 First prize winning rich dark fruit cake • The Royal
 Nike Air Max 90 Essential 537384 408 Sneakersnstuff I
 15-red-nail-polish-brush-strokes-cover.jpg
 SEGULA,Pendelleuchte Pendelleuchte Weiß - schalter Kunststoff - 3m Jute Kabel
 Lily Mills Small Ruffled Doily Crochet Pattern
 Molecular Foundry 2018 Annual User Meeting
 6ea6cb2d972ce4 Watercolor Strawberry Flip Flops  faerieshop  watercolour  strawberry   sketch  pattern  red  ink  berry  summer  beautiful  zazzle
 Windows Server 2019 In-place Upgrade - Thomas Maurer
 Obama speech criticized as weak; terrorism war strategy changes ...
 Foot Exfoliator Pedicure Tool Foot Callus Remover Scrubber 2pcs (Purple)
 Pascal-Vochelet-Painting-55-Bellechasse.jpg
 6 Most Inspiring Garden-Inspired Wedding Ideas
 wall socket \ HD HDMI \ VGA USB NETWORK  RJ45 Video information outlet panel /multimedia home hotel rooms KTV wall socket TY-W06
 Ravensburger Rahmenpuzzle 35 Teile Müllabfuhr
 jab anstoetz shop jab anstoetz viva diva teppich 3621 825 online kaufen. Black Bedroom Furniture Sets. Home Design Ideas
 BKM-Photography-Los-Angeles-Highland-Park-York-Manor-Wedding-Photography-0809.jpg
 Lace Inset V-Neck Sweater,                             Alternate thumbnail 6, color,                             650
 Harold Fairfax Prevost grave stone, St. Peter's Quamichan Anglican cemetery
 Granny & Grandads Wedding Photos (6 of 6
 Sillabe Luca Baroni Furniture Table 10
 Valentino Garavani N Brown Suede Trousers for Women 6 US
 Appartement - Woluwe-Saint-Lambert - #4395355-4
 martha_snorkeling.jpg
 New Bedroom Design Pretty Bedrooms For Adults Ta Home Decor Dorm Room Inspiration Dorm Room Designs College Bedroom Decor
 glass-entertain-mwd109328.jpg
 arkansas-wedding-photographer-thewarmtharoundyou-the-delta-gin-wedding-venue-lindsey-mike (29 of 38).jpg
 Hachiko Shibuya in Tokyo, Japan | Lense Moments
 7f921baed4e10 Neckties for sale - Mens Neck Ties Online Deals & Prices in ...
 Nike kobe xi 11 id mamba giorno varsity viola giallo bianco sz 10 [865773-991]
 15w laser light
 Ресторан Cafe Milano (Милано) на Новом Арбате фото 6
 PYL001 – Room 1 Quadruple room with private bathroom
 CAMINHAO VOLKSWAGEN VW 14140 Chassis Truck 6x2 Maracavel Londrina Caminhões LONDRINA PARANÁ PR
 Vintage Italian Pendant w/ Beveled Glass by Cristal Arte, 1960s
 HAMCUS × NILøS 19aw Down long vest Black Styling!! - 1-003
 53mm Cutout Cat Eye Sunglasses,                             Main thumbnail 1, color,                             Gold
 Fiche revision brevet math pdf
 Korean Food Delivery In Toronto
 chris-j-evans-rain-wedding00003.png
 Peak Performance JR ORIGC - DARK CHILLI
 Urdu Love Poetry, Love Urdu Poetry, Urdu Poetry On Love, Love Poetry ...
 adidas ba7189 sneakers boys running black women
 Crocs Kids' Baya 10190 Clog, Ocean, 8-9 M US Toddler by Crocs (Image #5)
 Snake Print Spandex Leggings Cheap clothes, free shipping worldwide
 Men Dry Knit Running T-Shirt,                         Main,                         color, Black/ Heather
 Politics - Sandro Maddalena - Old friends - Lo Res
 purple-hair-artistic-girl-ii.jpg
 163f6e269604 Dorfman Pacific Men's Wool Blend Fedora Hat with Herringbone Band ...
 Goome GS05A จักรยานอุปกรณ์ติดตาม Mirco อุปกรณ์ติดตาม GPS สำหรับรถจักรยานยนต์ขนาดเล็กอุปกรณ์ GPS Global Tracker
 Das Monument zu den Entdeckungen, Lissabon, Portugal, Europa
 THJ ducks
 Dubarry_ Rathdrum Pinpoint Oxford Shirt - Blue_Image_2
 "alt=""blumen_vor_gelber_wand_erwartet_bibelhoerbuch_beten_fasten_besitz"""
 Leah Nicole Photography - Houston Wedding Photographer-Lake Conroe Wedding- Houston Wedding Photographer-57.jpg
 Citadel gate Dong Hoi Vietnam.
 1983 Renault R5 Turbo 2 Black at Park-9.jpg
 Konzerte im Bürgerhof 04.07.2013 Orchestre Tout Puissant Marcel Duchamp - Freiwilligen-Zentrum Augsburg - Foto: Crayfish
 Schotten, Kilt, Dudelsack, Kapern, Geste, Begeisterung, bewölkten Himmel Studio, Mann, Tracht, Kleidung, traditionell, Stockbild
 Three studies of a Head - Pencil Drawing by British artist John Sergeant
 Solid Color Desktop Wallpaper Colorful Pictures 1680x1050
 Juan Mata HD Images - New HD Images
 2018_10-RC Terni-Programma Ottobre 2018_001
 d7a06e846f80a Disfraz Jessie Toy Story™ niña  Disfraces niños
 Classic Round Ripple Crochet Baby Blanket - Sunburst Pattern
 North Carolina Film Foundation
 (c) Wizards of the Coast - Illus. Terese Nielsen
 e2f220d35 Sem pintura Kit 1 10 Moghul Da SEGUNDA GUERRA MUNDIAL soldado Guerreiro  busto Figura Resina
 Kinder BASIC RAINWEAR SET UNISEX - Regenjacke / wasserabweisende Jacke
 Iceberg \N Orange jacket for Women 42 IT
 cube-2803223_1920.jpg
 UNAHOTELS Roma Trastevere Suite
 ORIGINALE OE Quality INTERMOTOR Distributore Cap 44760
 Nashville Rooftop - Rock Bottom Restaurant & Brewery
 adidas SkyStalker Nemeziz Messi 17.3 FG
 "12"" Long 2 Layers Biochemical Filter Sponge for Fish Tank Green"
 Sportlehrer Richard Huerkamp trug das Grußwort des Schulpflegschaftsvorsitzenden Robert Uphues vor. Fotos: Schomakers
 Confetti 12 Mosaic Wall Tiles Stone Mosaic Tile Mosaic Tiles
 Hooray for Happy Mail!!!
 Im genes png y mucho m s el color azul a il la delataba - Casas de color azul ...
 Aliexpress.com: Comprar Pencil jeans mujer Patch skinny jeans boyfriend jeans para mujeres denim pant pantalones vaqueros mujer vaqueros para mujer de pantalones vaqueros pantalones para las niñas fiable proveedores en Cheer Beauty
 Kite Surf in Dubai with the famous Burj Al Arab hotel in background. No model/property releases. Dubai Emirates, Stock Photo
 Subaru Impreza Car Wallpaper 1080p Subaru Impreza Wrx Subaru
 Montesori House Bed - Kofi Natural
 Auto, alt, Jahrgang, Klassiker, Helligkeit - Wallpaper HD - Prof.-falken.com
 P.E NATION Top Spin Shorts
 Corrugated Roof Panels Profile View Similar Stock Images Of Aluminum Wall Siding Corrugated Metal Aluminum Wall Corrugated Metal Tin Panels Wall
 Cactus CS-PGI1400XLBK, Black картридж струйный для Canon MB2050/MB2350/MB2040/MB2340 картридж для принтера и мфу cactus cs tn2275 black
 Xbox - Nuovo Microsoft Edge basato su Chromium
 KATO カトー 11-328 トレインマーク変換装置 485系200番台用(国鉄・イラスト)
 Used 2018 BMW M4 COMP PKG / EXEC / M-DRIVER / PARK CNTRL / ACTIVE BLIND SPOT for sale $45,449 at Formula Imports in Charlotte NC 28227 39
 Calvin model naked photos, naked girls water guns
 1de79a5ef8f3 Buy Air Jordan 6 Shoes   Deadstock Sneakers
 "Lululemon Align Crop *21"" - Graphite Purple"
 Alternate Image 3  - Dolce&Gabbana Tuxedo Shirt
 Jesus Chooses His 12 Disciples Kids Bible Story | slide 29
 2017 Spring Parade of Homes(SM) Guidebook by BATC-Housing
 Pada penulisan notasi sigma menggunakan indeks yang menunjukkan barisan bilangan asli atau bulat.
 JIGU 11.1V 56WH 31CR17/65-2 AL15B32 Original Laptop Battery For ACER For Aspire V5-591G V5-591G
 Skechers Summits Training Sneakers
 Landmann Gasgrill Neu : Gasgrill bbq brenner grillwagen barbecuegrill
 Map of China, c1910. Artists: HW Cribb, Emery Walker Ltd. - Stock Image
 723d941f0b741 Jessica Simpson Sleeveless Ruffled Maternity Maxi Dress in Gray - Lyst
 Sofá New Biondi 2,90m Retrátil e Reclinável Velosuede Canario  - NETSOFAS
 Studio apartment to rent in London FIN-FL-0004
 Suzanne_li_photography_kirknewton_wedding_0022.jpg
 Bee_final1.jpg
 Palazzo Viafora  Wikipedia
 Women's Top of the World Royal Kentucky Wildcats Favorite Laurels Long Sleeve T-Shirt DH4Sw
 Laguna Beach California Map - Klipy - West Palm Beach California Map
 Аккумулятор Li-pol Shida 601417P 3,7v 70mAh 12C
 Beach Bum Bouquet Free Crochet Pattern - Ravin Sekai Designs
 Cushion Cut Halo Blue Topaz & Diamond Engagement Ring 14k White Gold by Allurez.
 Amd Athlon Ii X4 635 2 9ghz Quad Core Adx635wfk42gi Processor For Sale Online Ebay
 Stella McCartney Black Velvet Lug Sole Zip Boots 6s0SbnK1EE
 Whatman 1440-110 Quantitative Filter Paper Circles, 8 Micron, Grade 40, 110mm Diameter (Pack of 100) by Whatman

- _PROBLEM DESCRIPTION_
Reprint exactly the lines above that start at the one with "Appartement - Woluwe-Saint-Lambert" and end at the one with "adidas ba7189 sneakers", keeping both and adding none.

- _WRITTEN SOLUTION_
 Appartement - Woluwe-Saint-Lambert - #4395355-4
 martha_snorkeling.jpg
 New Bedroom Design Pretty Bedrooms For Adults Ta Home Decor Dorm Room Inspiration Dorm Room Designs College Bedroom Decor
 glass-entertain-mwd109328.jpg
 arkansas-wedding-photographer-thewarmtharoundyou-the-delta-gin-wedding-venue-lindsey-mike (29 of 38).jpg
 Hachiko Shibuya in Tokyo, Japan | Lense Moments
 7f921baed4e10 Neckties for sale - Mens Neck Ties Online Deals & Prices in ...
 Nike kobe xi 11 id mamba giorno varsity viola giallo bianco sz 10 [865773-991]
 15w laser light
 Ресторан Cafe Milano (Милано) на Новом Арбате фото 6
 PYL001 – Room 1 Quadruple room with private bathroom
 CAMINHAO VOLKSWAGEN VW 14140 Chassis Truck 6x2 Maracavel Londrina Caminhões LONDRINA PARANÁ PR
 Vintage Italian Pendant w/ Beveled Glass by Cristal Arte, 1960s
 HAMCUS × NILøS 19aw Down long vest Black Styling!! - 1-003
 53mm Cutout Cat Eye Sunglasses,                             Main thumbnail 1, color,                             Gold
 Fiche revision brevet math pdf
 Korean Food Delivery In Toronto
 chris-j-evans-rain-wedding00003.png
 Peak Performance JR ORIGC - DARK CHILLI
 Urdu Love Poetry, Love Urdu Poetry, Urdu Poetry On Love, Love Poetry ...
 adidas ba7189 sneakers boys running black women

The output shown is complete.